Science and Invention


Why is Johannes Kepler important to modern astronomy?

German astronomer Johannes Kepler (1571–1630) put forth the theory that planets, including Earth, rotate around the sun in elliptical orbits. But he had the help of research conducted by astronomer Tycho Brahe (1546–1601) to use as a basis for his conclusion.

In 1600 Kepler moved to Prague (Czech Republic), where he began working as an assistant to the flamboyant Brahe, a Danish aristocrat who a few years earlier (in 1576) had set up the first real astronomical observatory in history. Brahe’s benefactor in this work was none other than King Frederick II (1534–1588), ruler of Denmark and Norway, who was a patron of science. In the observatory, Brahe had made and recorded extraordinarily accurate observations of planetary positions. Even though he rejected the Copernican (sun-centered) view of the universe because it violated church beliefs, he also realized that his observations of the planets could not be explained by the Ptolemaic system. He soon put forth his own theory of planetary orbit. The Tychonic theory was something of a compromise between the two existing models (the sun-centered system of Copernicus and Earth-centered system of Ptolemy): Brahe’s model followed Copernicus’s theory in that it, too, had the planets orbiting around the sun; but it kept to the Ptolemaic belief that the sun orbited Earth (in this way, he accounted for a year). The theory was ignored.

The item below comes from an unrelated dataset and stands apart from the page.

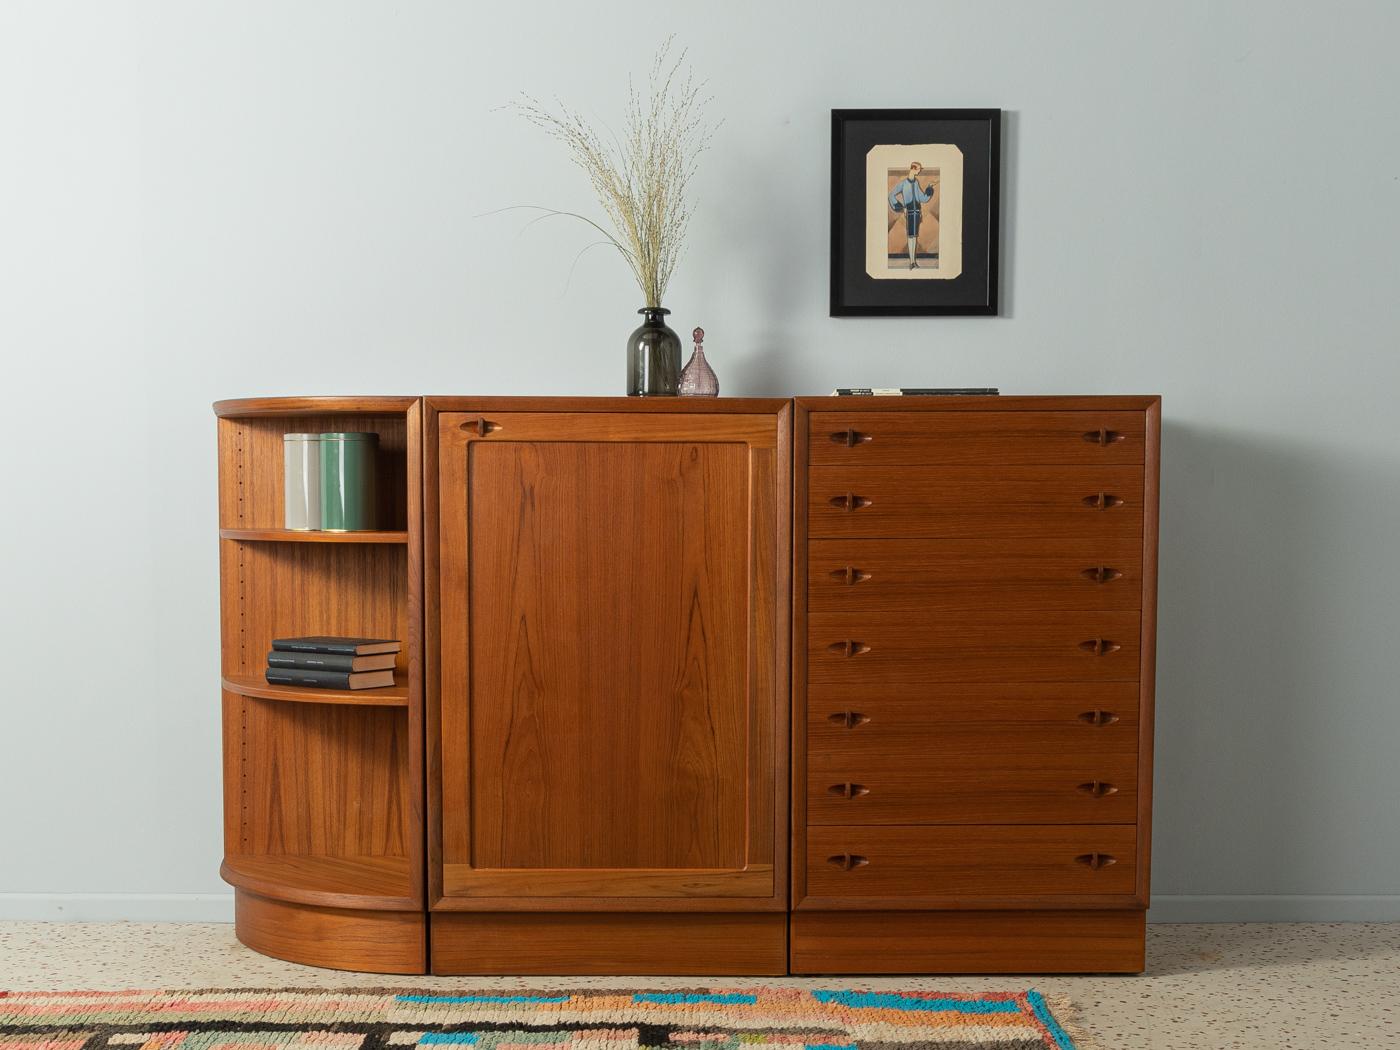 Wonderful dressers from the 1960s in Scandinavian design in teak veneer. One corpus with seven drawers, one corpus with three open book compartments, and a third corpus with one door and two shelves. All dressers stand on separate bases in teak, the

But when Brahe hired Kepler in 1600, he turned over his observations to him and charged him with the task of devising a theory of planetary motion. As a mathematician, Kepler was the right man for the job, and he devoted himself to the effort for the next 20 years. At one point, Kepler had devised a scheme that almost matched Brahe’s observations, but not quite. Believing Brahe’s observations were perfectly accurate, Kepler threw out the scheme and started again. Finally, he gave up on using circular orbits and epicycles (smaller orbits centered on the larger ones) and began working with ellipses (ovals). When Kepler charted the planets’ orbits as ellipses, the results matched Brahe’s data. In 1609 Kepler published his first two laws of planetary motion (in the work Astronomia nova): a planet orbits the sun in an ellipse, not a circle (as Copernicus had believed); and a planet moves faster when near the sun and slower when farther away.

We also have Kepler to thank for a word that is in everyday use: satellite. After Galileo discovered the moons of Jupiter, Kepler used a telescope to view them for himself. He dubbed them satellites (satelles is from the Latin meaning “attendant”), a name that stuck. The celebrated astronomer also did pioneer work leading to the invention of calculus (late 1600s).